Éros (du grec ἔρως, désir) est le style d’amour le plus immédiatement reconnaissable : c’est le coup de foudre, l’attraction physique intense, la conviction de trouver une âme sœur prédestinée. La personne Éros entre en amour rapidement et intensément. Elle a souvent une représentation claire de son “type” idéal et ressent une forte excitation à sa rencontre.

Ce style est associé à une forte composante sexuelle mais aussi à une idéalisation romantique. La personne Éros tend à mettre son partenaire sur un piédestal, du moins au début. La recherche montre que Éros est positivement corrélé à la satisfaction relationnelle initiale — mais cette même intensité peut rendre la “désillusion normale” d’une relation établie plus douloureuse à traverser.

Dans les études de Hendrick & Hendrick, Éros est généralement plus élevé chez les jeunes adultes et tend à diminuer légèrement avec l’âge. Il corrèle positivement avec l’extraversion et négativement avec le névrosisme.

Couple partageant un dîner aux chandelles romantique, style Éros

Ludus : l’amour comme jeu de séduction

Ludus (du latin ludus, jeu) est souvent le style le moins bien compris et le plus mal-jugé. Pour la personne Ludus, l’amour est avant tout un jeu agréable — séduire, être séduit, multiplier les aventures sans s’attacher. Ce n’est pas de la cruauté délibérée : c’est une façon authentique de vivre l’amour, à condition que les deux partenaires partagent les mêmes attentes.

Le problème survient lorsqu’un partenaire Ludus est associé à un partenaire Mania ou Éros, qui interprètera les signaux de Ludus comme des promesses d’engagement. La recherche de Hendrick & Hendrick montre que Ludus est corrélé négativement avec la satisfaction relationnelle et positivement avec le nombre de partenaires simultanés. Pour explorer comment ces différences de style impactent la communication quotidienne, consultez notre guide sur la communication dans le couple.

Storgé : l’amour amitié qui dure

Storgé (du grec στοργή, affection naturelle) est l’amour qui naît d’une amitié profonde, progressivement, sans coup de foudre. La personne Storgé n’est pas incapable de passion — elle peut la vivre — mais elle n’en fait pas un critère d’entrée en relation. Pour elle, la relation amoureuse est le prolongement naturel d’une complicité déjà établie.

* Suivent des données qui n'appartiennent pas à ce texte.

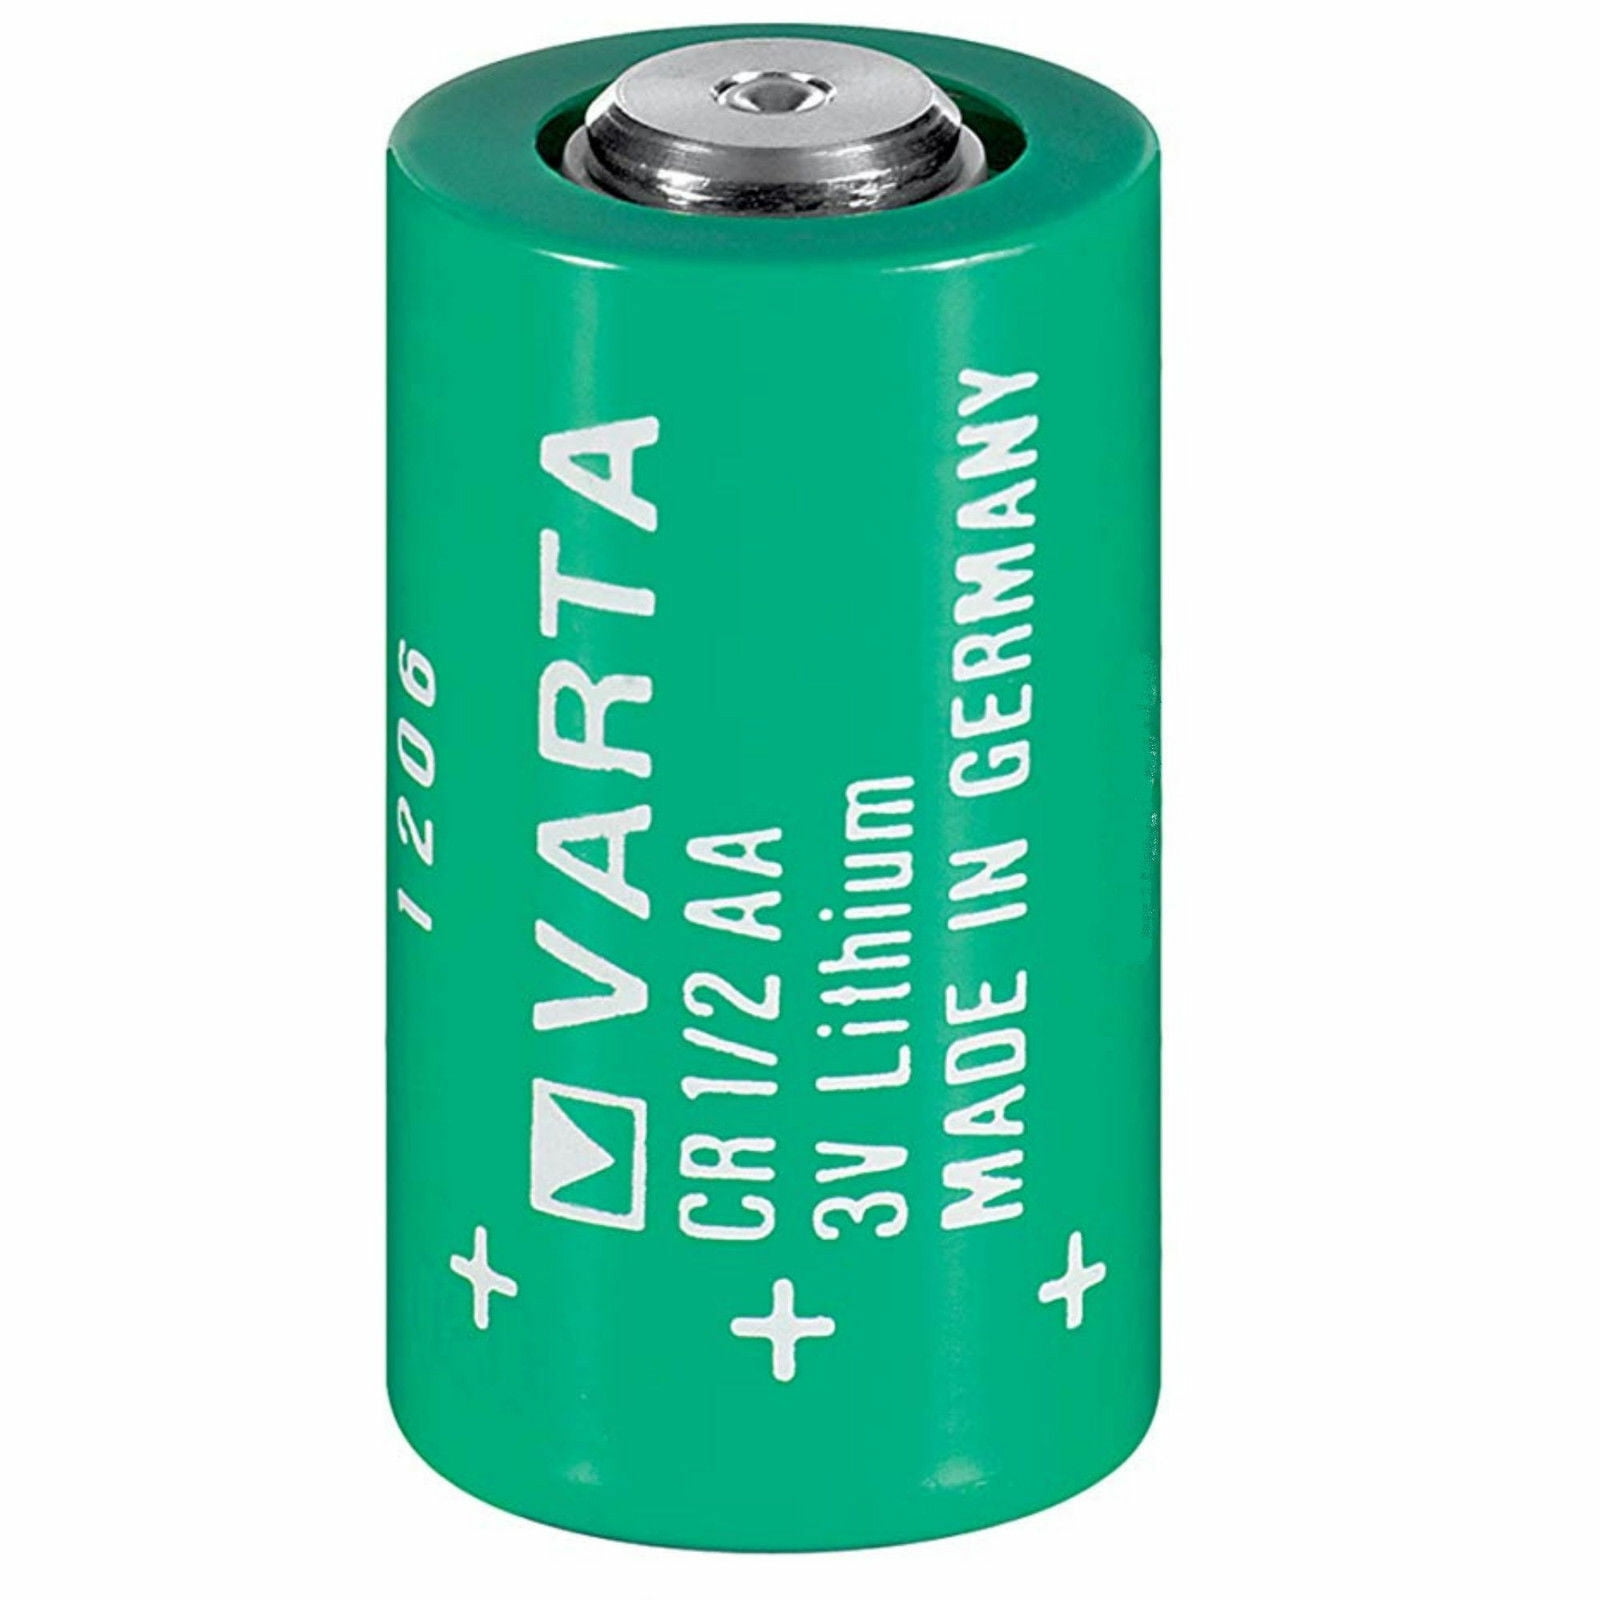 3v battery. Батарейка литиевая Varta CR 1/2 AA 3v. Батарейку литиевую cr1/2aa Varta. Varta cr1/2 AA. Элемент питания Varta CR 1/2aa 3в.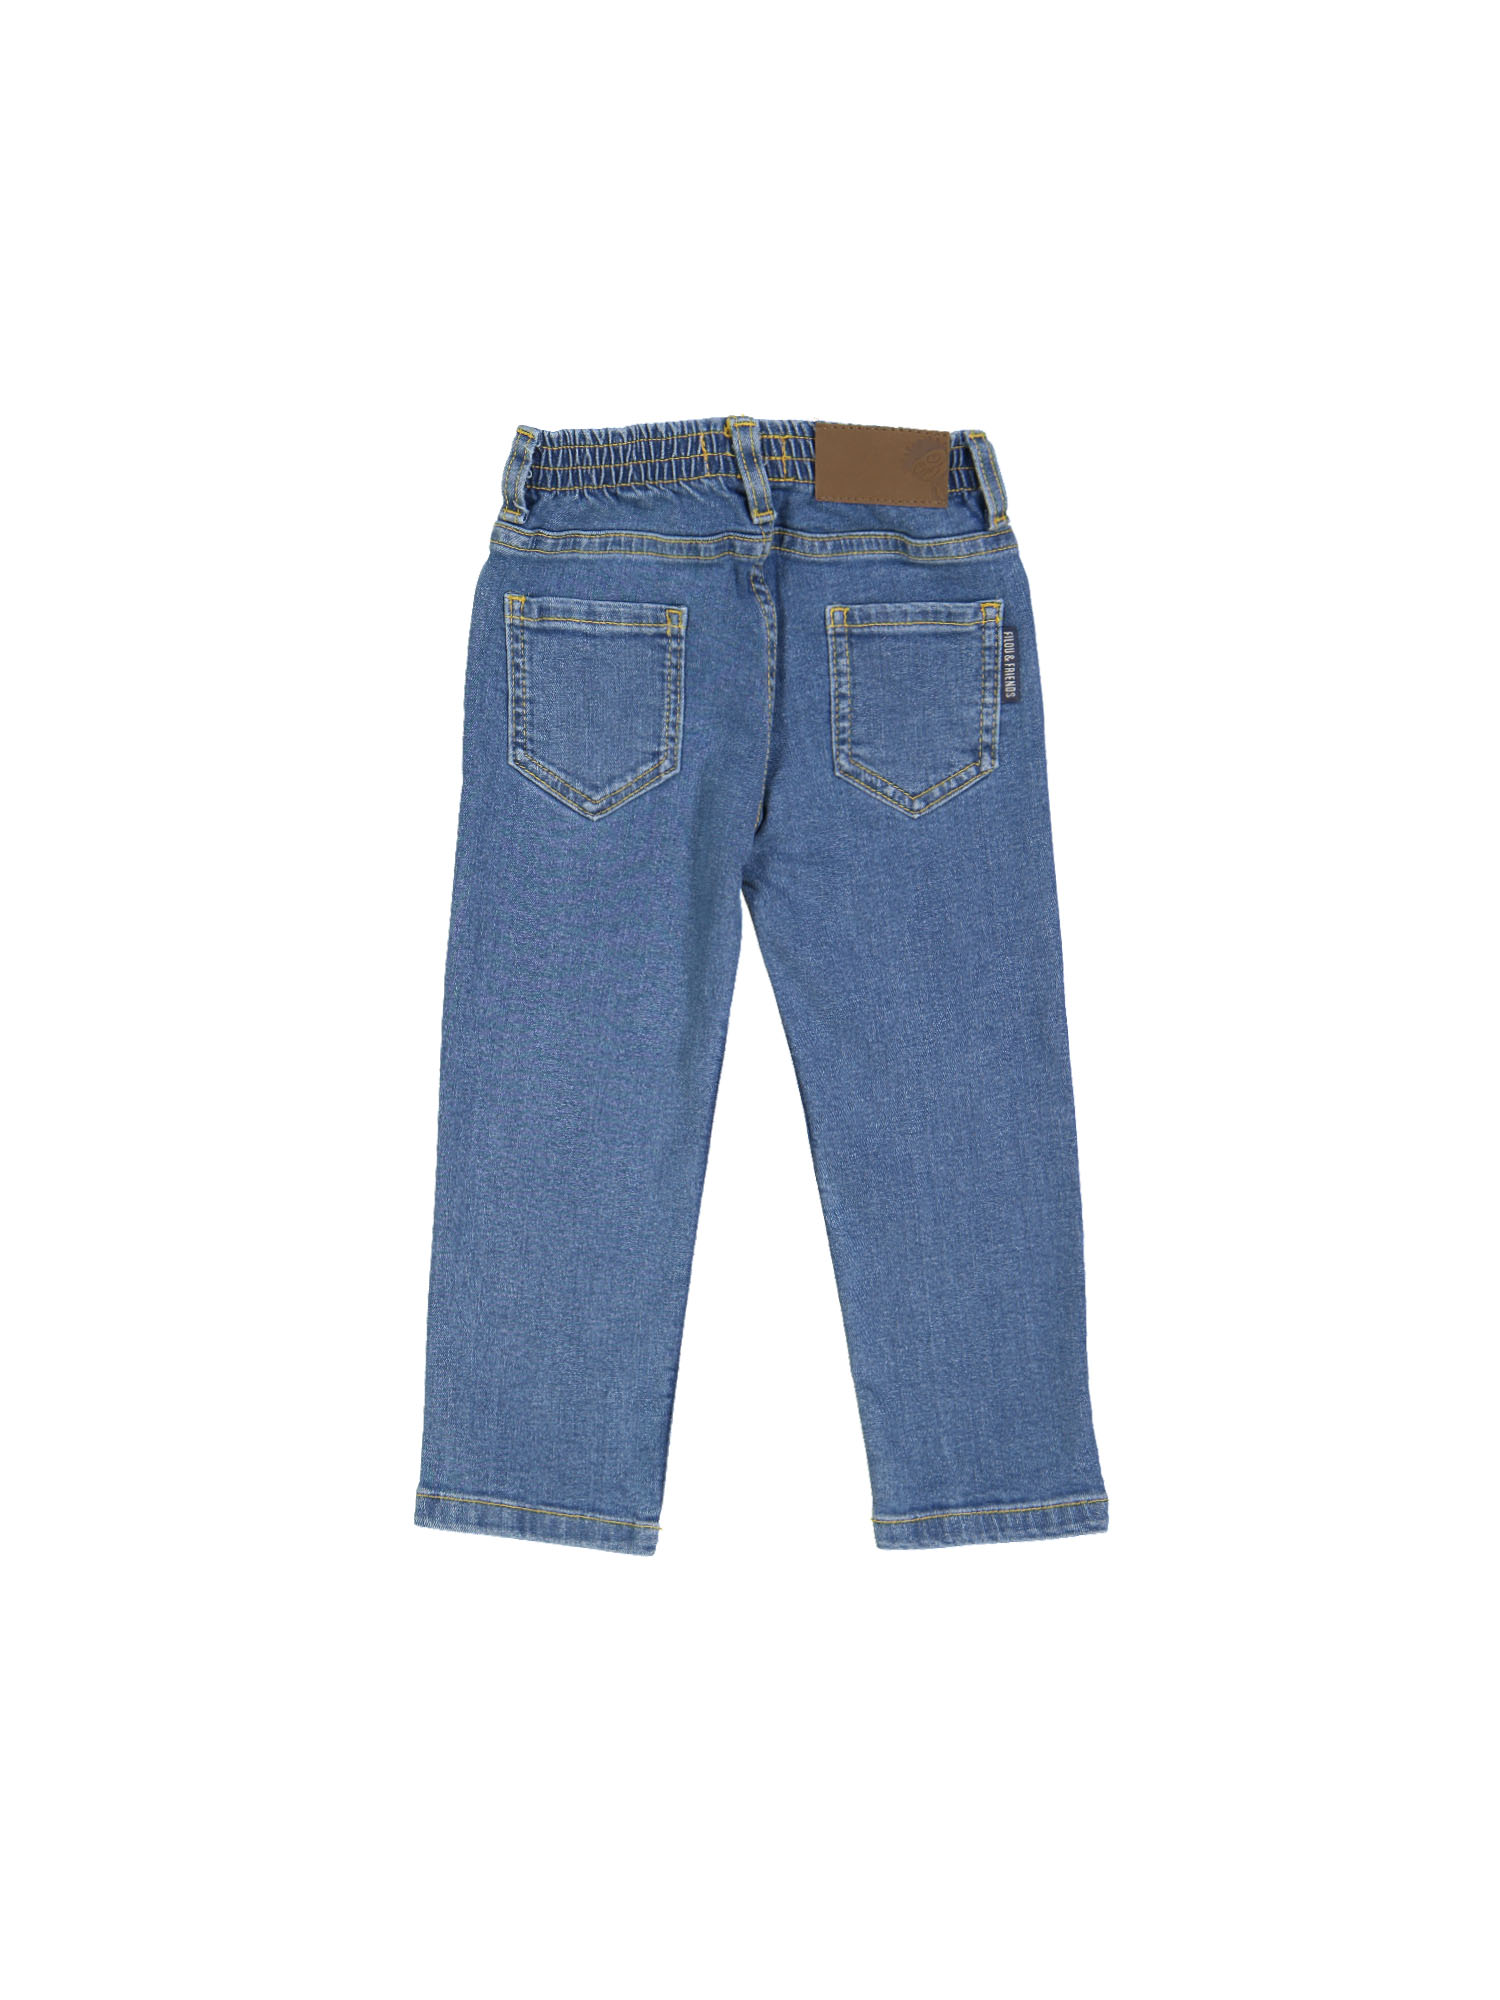 jeans regular bleach blauw rekker 06j

Ce style est associé à des relations stables et durables dans la recherche. Storgé corrèle positivement avec l’attachement sécure et négativement avec les ruptures impulsives. Les personnes Storgé ont tendance à avoir des cercles sociaux communs avec leur partenaire, à préférer la cohabitation progressive à la cohabitation rapide.

🔬 La science dit que : Lee (1973) a identifié ses 6 styles à partir de l'analyse de 4 000 récits amoureux tirés de la littérature mondiale sur 2 500 ans. Hendrick & Hendrick (1986) ont ensuite validé empiriquement la taxonomie auprès de 807 étudiants universitaires dans leur étude fondatrice de la Love Attitudes Scale.

Pragma et Mania : l’amour rationnel et l’amour obsessionnel

Pragma (du grec πρᾶγμα, fait accompli) est l’amour raisonné. La personne Pragma dresse mentalement une liste de critères — statut social, valeurs communes, projets de vie — et cherche un partenaire compatible sur ces critères avant de s’ouvrir à l’attraction émotionnelle. Ce n’est pas de la froideur : c’est une forme de sagesse pratique qui reconnaît que l’amour passionnel seul ne suffit pas à construire une vie commune.

Mania (du grec μανία, folie) est le style le plus potentiellement douloureux. Caractérisé par la jalousie, la possessivité et l’obsession, il correspond à ce que la culture populaire appelle l’“amour fou”. La personne Mania oscille entre euphorie totale et désespoir abyssal. Elle vérifie son téléphone sans cesse, interprète toute distance comme un rejet, et peut devenir incontrôlable émotionnellement lors d’un conflit.

La recherche montre que Mania est fortement corrélé à un attachement anxieux (voir notre guide sur la théorie de l’attachement) et à une faible estime de soi. Il prédit la détresse relationnelle à long terme et est surreprésenté dans les relations marquées par des comportements de contrôle.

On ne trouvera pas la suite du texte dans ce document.